Тэ излишним оптимизмом, крепкой верой или необъяснимой способностью притягивать чудеса не отличается, поэтому ложится под нож. Без любви, наверное, грустно будет жить, но подыхать из-за какого-то там чувства да клумбы в грудине он не собирается. И пользы от этого ноль.

 

А шрамом хотя бы гордиться можно будет — людей со следами под ключицами гораздо меньше, чем могил на кладбищах.

 

На восстановление уходит чуть больше двух недель: тонкая кожа постепенно срастается и на когда-то чистой груди появляется грубовато выведенная буква Т, бледнеющим багровым выделяющаяся на светлом. Тэхен старается особо не бередить сознание, поэтому после выписки сидит дома или гуляет в ближайшем парке — с друзьями по мере возможности не пересекается.

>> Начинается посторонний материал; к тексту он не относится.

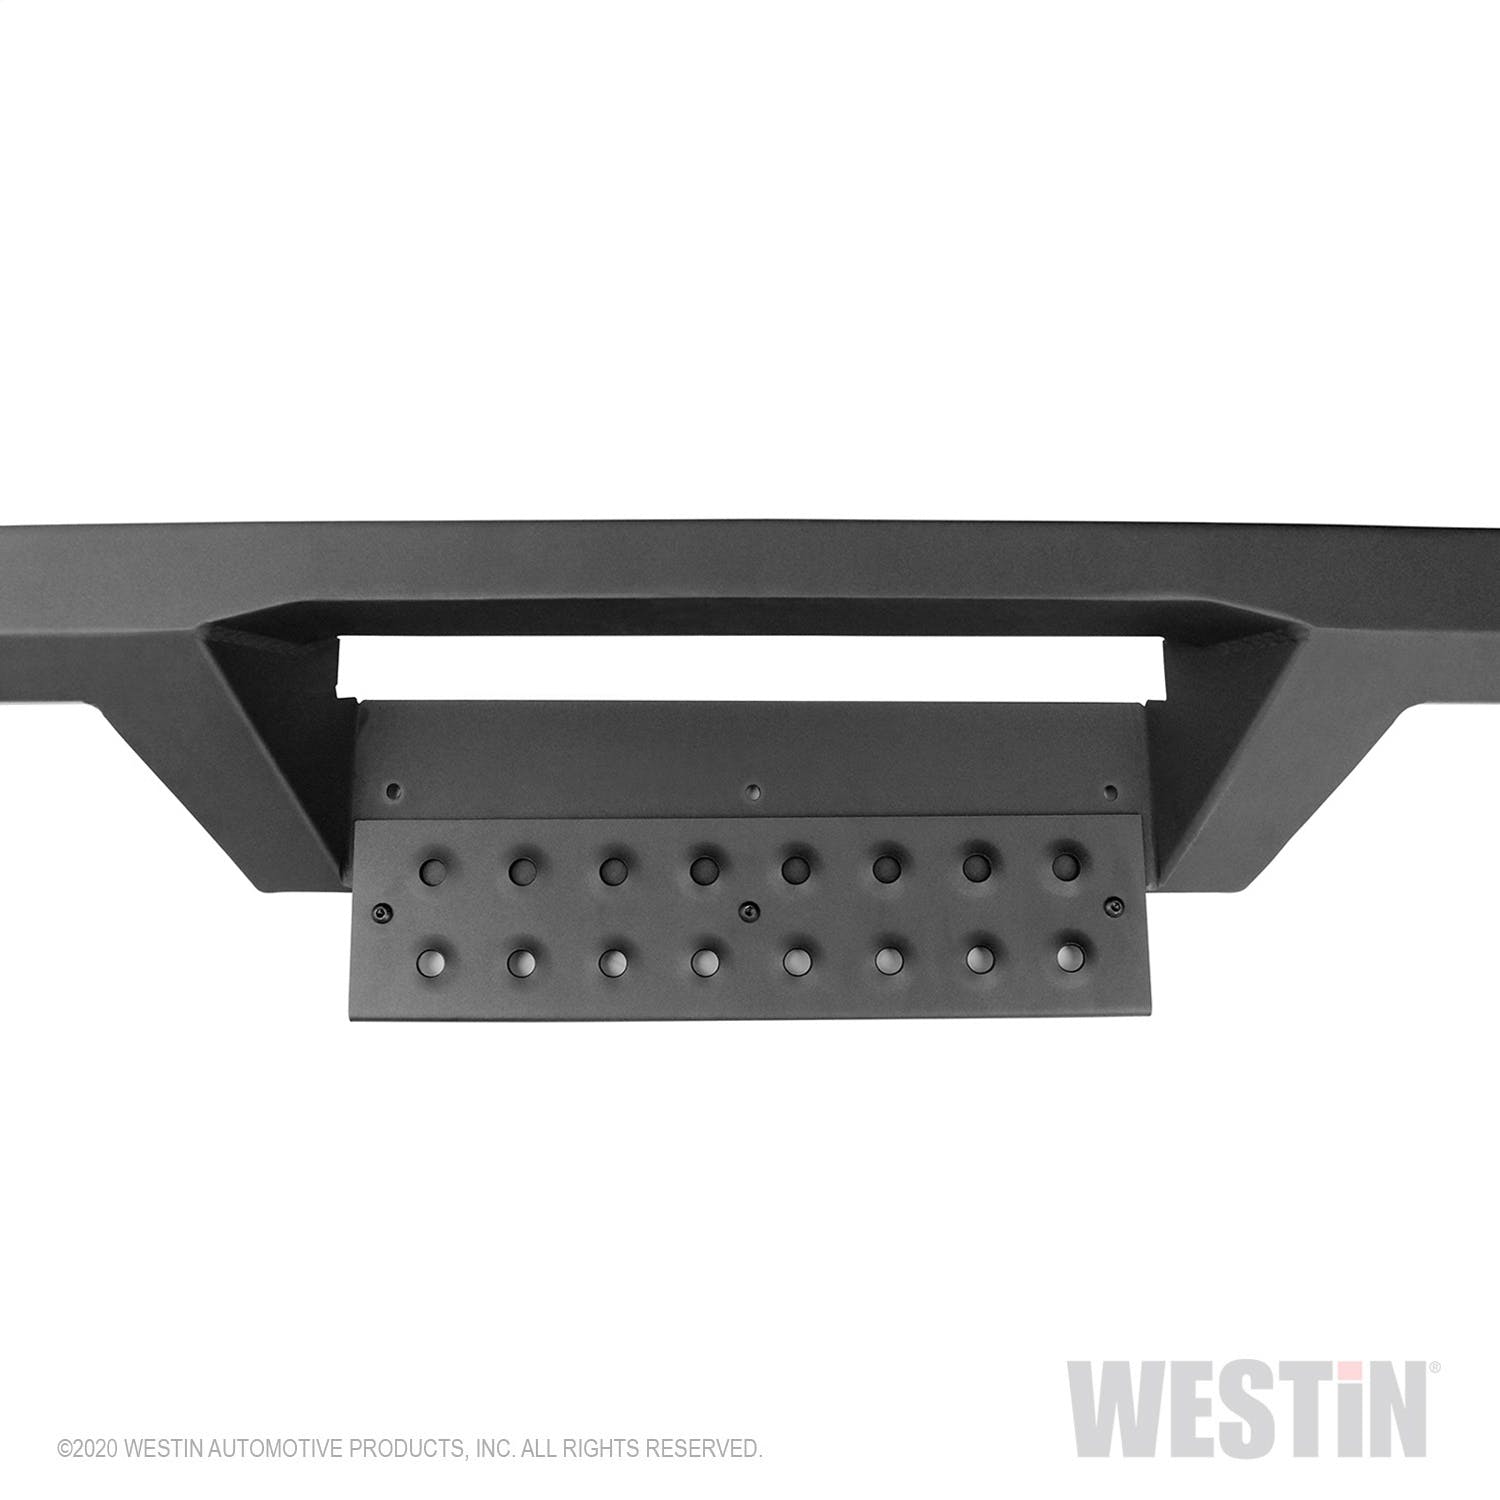 Westin Automotive 56-534765 HDX Drop Wheel-to-Wheel Nerf Step Bars

Хосокова сестра иногда пишет ему в чате, аккуратно и ненавязчиво проверяет самочувствие и каждый раз спрашивает, не нужно ли чего.

 

Тэхену ничего не нужно.

 

От общей апатии он решает спастись в одном из новых баров — неоновый, симпатичный и какой-то изысканный, что ли, он Кима устраивает. И бокалы прикольные. Напиток за напитком повышают в Тэхене лишь градус алкоголя и желание поныть, но девушка за стойкой занята клиентами, а к другим посетителям парень лезть не хочет.

 

Тем не менее, Тэхен еще недостаточно пьян, когда к нему подсаживается длинноногое чудо с мятного цвета андеркатом на башке и очками без стекол на носу. Чудо, развернувшись к стойке боком, тянет лапищу и басит хриплое «Намджун», но Тэхен не будет Тэхеном, если не хихикнет и не отвернется обратно к голубой трубочке, предварительно смерив прищуренным взглядом беспардонного парня.

 

Намджун пожимает сам себе плечами и — Тэхен видит краем глаза — усмехается до ямочки на щеке. У Кима внезапно дикое желание ткнуть в нее пальцем, и он себе в нем не отказывает. Новый знакомый дергается от неожиданности, чуть не падая с высокого стула, и Тэ цепляется взглядом за на секунду мелькнувшую в свободном вороте футболки алую горизонтальную полосу.

 

- Я Тэхен.

 

Намджун кивает приветственно и просит бармена повторить.

 

Тэхену двадцать два, он молодой и свободный, пьяный слегка и, как ему кажется, влюбчивый.